Fiber opticsResearchers at Bell Labs have managed to transfer optical data at the incredible rate of 16.4 Tbps over a 2,550 km distance (1,584 miles).

That is 2.05 terabyte (2,050 gigabyte) per second, which is leaps and bounds ahead of what normal network equipment can currently handle.

What 16.4 Tbps transfer speeds are capable of

To give you some perspective of how blazingly fast such a connection is, here are some examples of how long it would take to transfer some common storage media over it:

    • One DVD (4.7 gigabyte) – 2.3 milliseconds
    • One Blu-ray Disk (50 gigabyte) – 24.4 milliseconds
    • One 500 gigabyte hard drive – 244 milliseconds


Once the internet is capable of these kinds of transfer rates, almost instant backups and synchronization over the internet will be possible.

This is also good news from an uptime perspective, which lies close to our hearts (Pingdom being an uptime monitoring service). Lightning-fast data synchronization between multiple data centers is a Good Thing ™, especially for websites and services that use more than one location to provide redundancy.

Google could stop using FedEx

In a previous post (FedEx still faster than the internet) we explained why sometimes it’s faster to carry data on disks from one location to another (often called sneakernet) than transferring it over the internet.

For example, Google uses FedEx to transfer massive amounts of Hubble space telescope data. It’s actually faster for them to send the 120 terabyte of space telescope data with overnight delivery than transferring it over the internet.

From our previous post:

[Google] sends actual physical disk arrays via regular mail, something they have dubbed, for fun, FedExNet. This allows them to get the data within 24 hours.

To transfer the same amount over the internet in 24 hours, Google would have to be able to achieve transfer rates of more than 11 gigabit/s running constantly maxed out. On a regular 100 megabit connection, transferring 120 terabyte of data would take almost four months (111 days).

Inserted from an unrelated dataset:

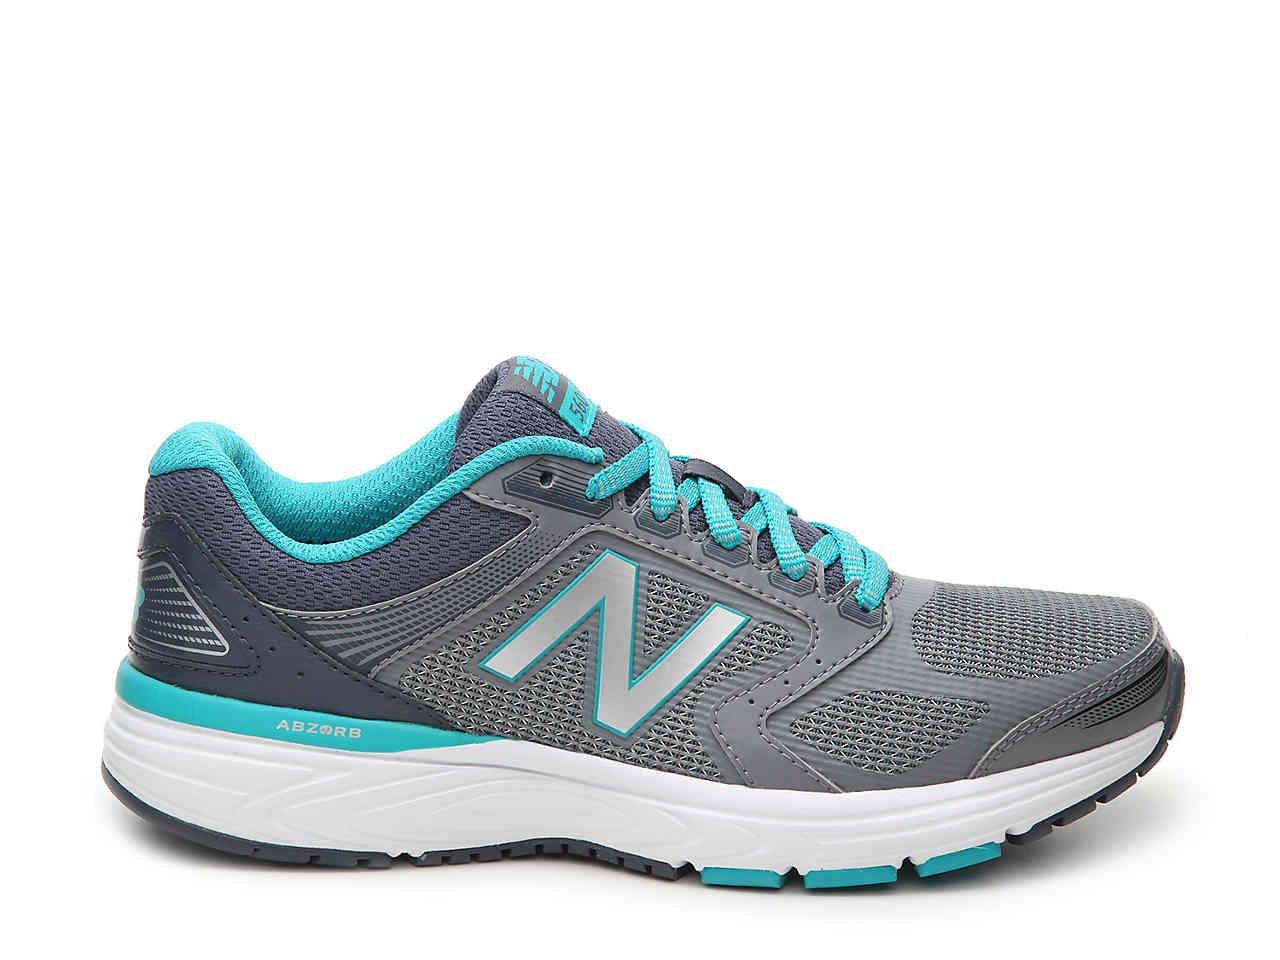 New Balance 560 V7 Running Shoe in Grey/Teal (Gray) - Lyst

However, with the transfer rates that Bell Labs achieved, it would only take one minute to transfer those 120 terabyte of data. Google could probably live with that… 🙂

(Photo courtesy of Wysz.)


  1. There are new memory technologies in the pipeline (like MRAM) which merge hard disk non-volatility with DRAM (or even SRAM) speeds. By the time such a fiber network gets deployed (we still have an obscene amount of dark fiber in the ground today in the US that isn’t even used), the ability to receive such data rates will be available.

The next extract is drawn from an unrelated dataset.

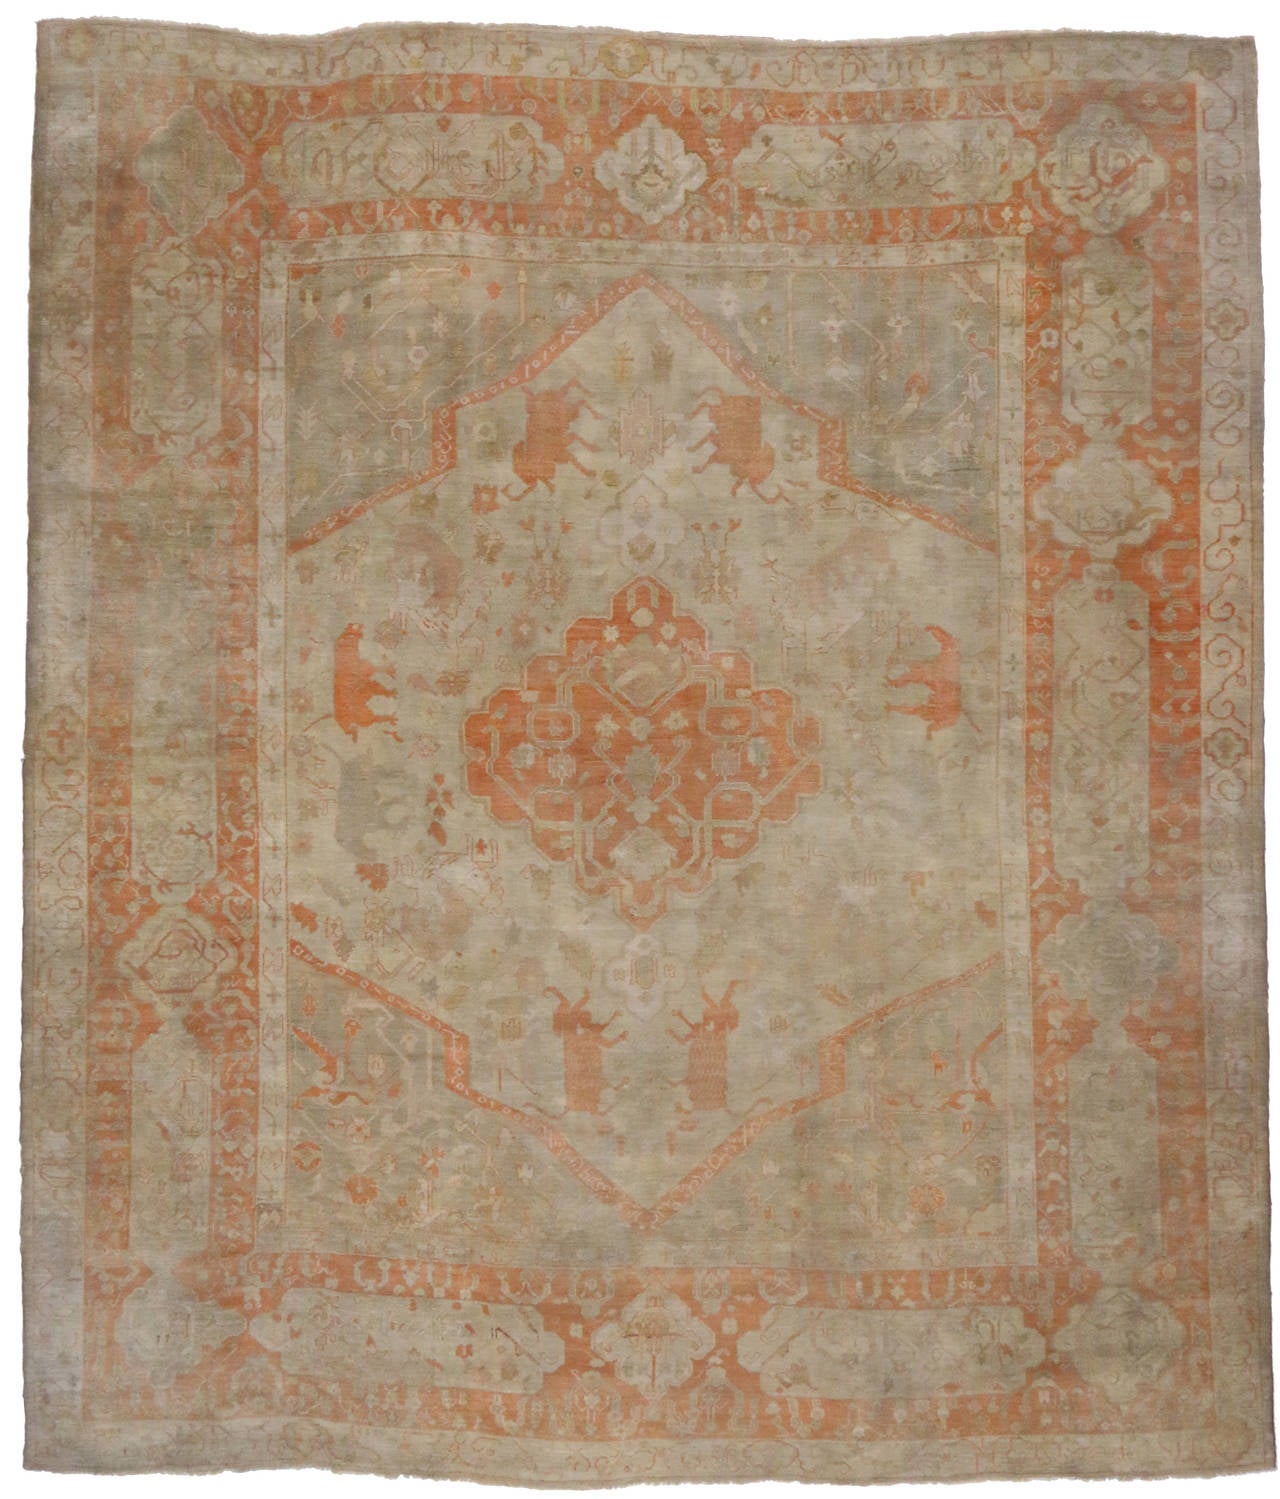 74255 Rare Antique Turkish Oushak Palace Size Rug with Elephant Motifs. Oushak stands for the western Anatolian Turkish city, known for its rare collectible rugs made during the Ottoman Empire. Hand woven from soft, silky wool and featuring warm,

    The bigger concern is whether such networks will ever see the light of day *in the USA*. Other countries like Korean, Singapore, various European, sure they will get it because they place the value of the utility above the value of lining the pockets of a small group of outdated and backward telecom giants. There is only a 50-50 chance the US will ever benefit from this.

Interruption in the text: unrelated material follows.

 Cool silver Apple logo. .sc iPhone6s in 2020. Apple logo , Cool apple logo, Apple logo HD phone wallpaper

    The fact that so much dark fiber goes unused already is evidence and example of what resistance such technology will face. You can already see the gears turning in the telecom world: “Fedex charges $30 for a package so we should charge the equivalent or more (because it’s faster)…” which of course is how the we the Bell telephone system that made it illegal to own your own phone or connect non-Bell equipment like modems to the network.

    In contrast, it was the unlimited, nearly unmetered bandwidth economic model that created the Internet and enabled it to do *all* the things it does, which is in direct opposition to the Bell model and precisely why AT&T, et al, are fighting net neutrality and trying to wall off the net so that is looks like your cell phone’s internet rather than your ISP’s.

  2. Dont kid yourself… they will get it in the US… and offer it to all …. AT THE RIGHT PRICE!!! but this will also wait until machines are capable of reading info that fast!!

  3. How much will this cost to setup all the system from home to home? Are all the peopel willing to pay for it? Even the cable companies have problems to funding this, I think it would cost billions of dollars to get it done.